BANGALORE: The State Government on Friday informed the Karnataka High Court that it is wrong to say that the State had only made Kannada the medium of instruction at the primary school level.

The State said apart from Kannada, seven other languages — Tamil, Telugu, Malayalam, Marathi, Urdu, Hindi and English — have been recognised as a medium of instruction.

A child, it said, could opt for the medium of instruction of its mother tongue. There was no bar on a child to learn English if it is the mother tongue of the child.

It said several primary schools had challenged the State policy saying that the State did not have the right to prescribe Kannada as the medium of instruction.

The Government clarified that it had not approved any English-medium schools after the 1994 language policy.

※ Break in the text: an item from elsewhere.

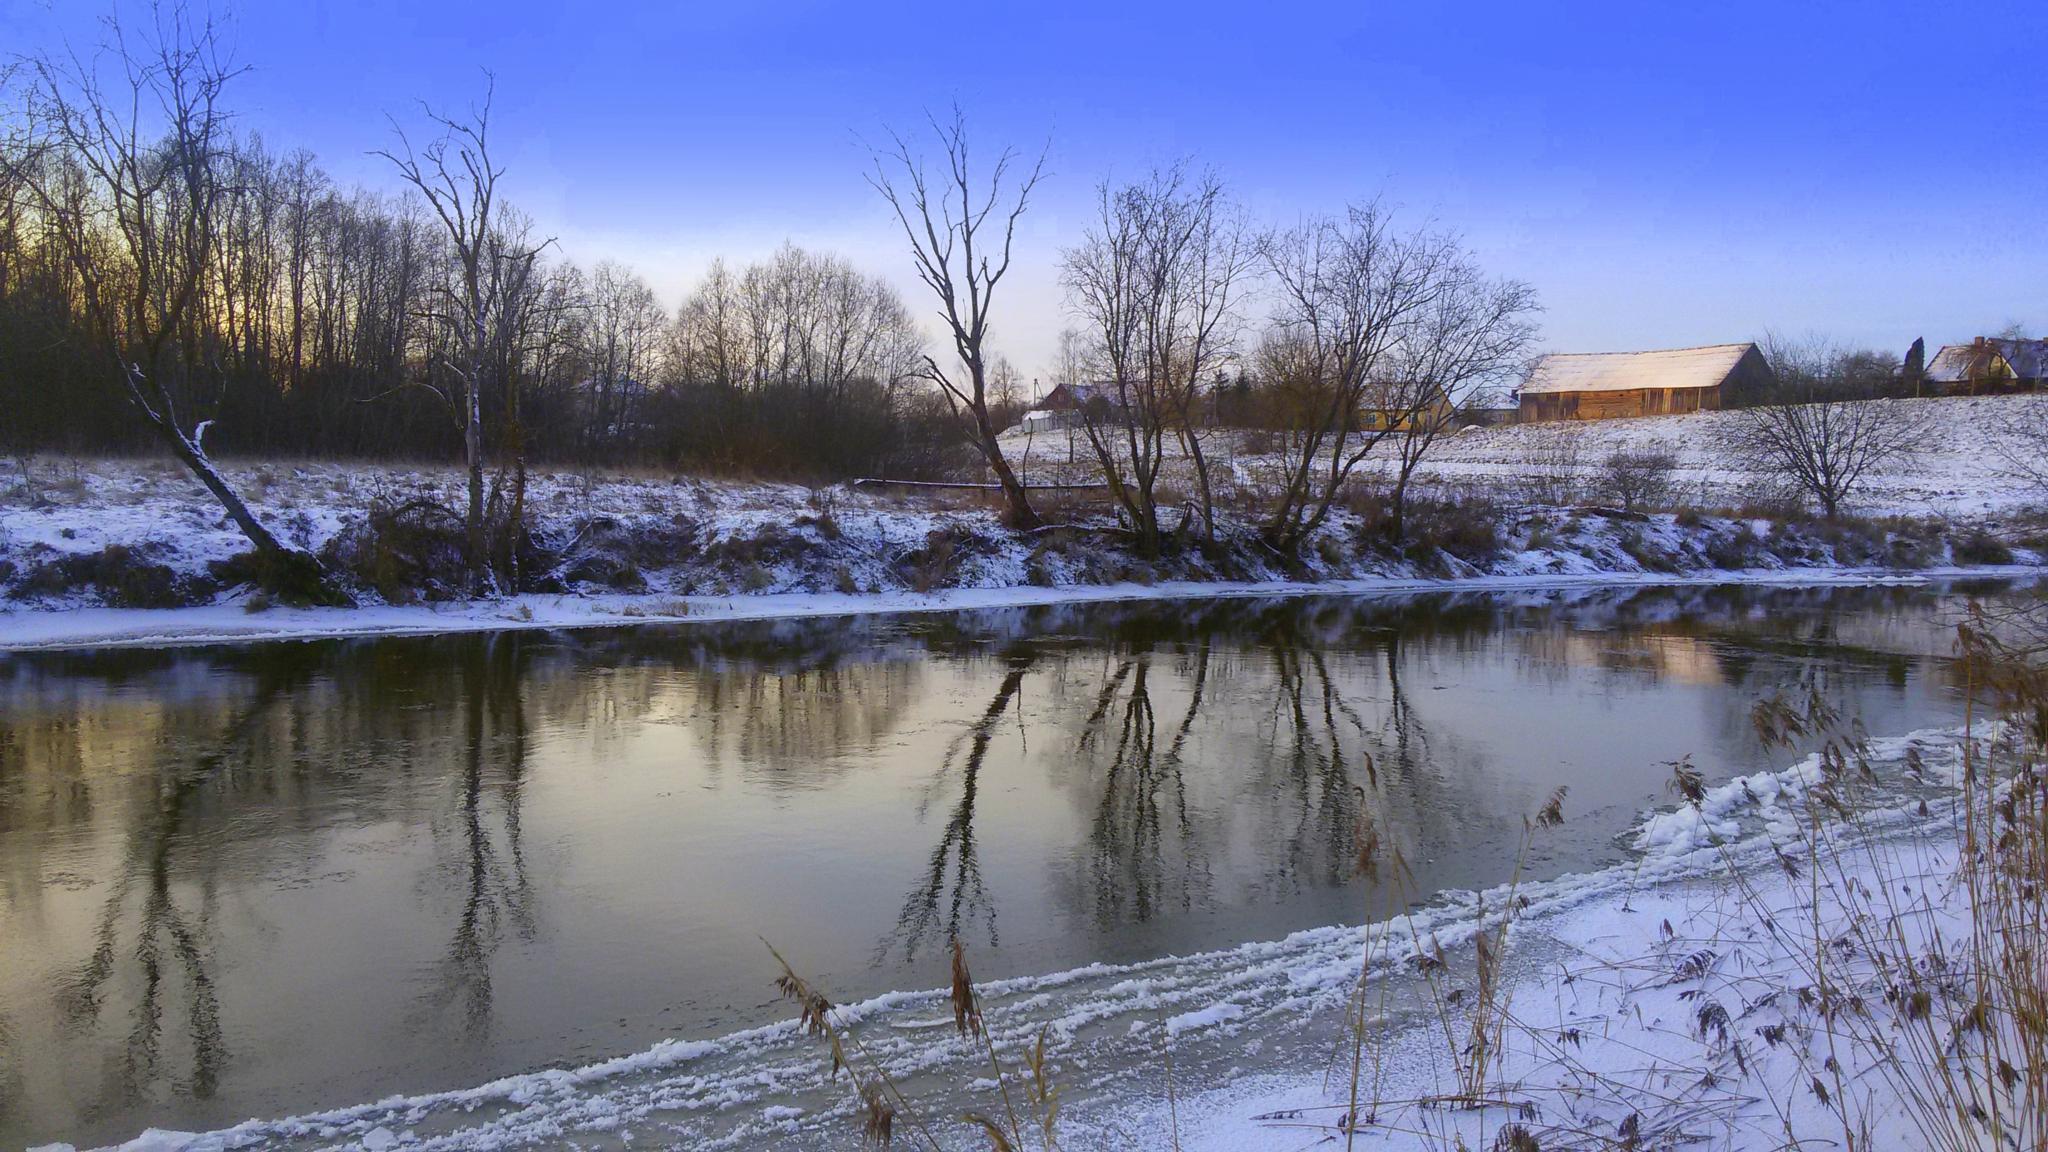 By the river by Zita Užkuraitienė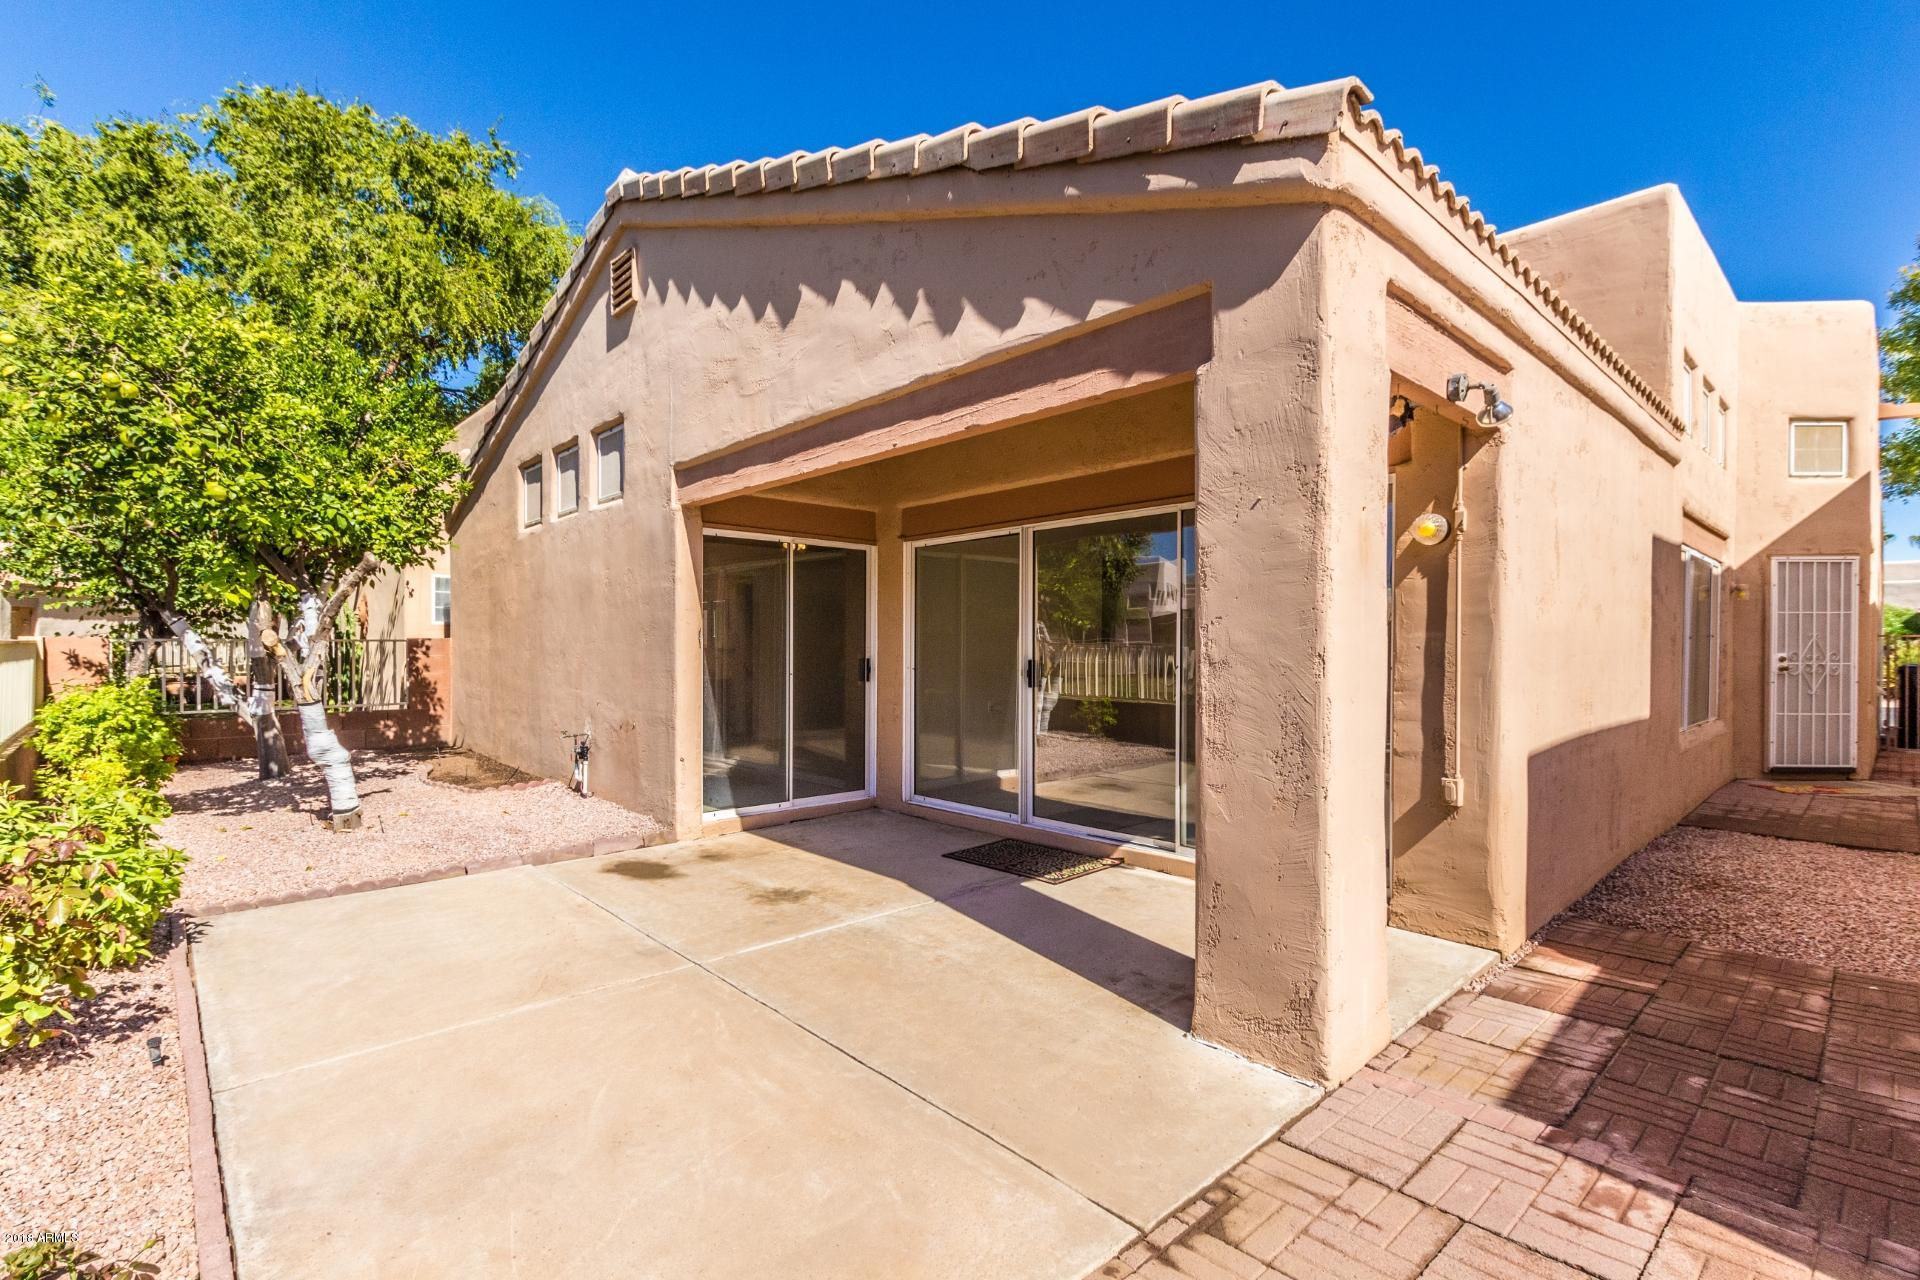 MLS 5836255 17224 N ZUNI Trail, Surprise, AZ 85374 Surprise AZ Sun Village

It said only schools that had given an undertaking to teach in the medium of instruction were allowed to operate in that particular medium.

It also said that private unaided primary schools could not at this point of time switch to a new medium of instruction (to teach students).

The State said the schools are bound by the undertaking they had given to the Education Department or affidavits they had filed before the High Court promising to teach in the medium of instruction in which they had been permitted to open.

The Government advocate made the submission when the court was hearing petitions by more than 40 schools seeking permission to withdraw the undertaking they had given promising to abide by the State policy on the medium of instruction.

Good Samaritan Education Society, LG National Public School and several other institutions filed an interlocutory application (IA) seeking the permission of the court to withdraw the undertaking they had furnished (to the State when they had started the school) and permit them to teach in English medium.

The petitioners said the July 2, 2008 Full Bench judgment of the Karnataka High Court had quashed the State policy on medium of instruction and also the language policy.

They said as the Full Bench had quashed the language policy, they were now free to impart education in the medium of instruction which a child or its parent wanted.

Justice Huluvadi G. Ramesh adjourned the case to Wednesday.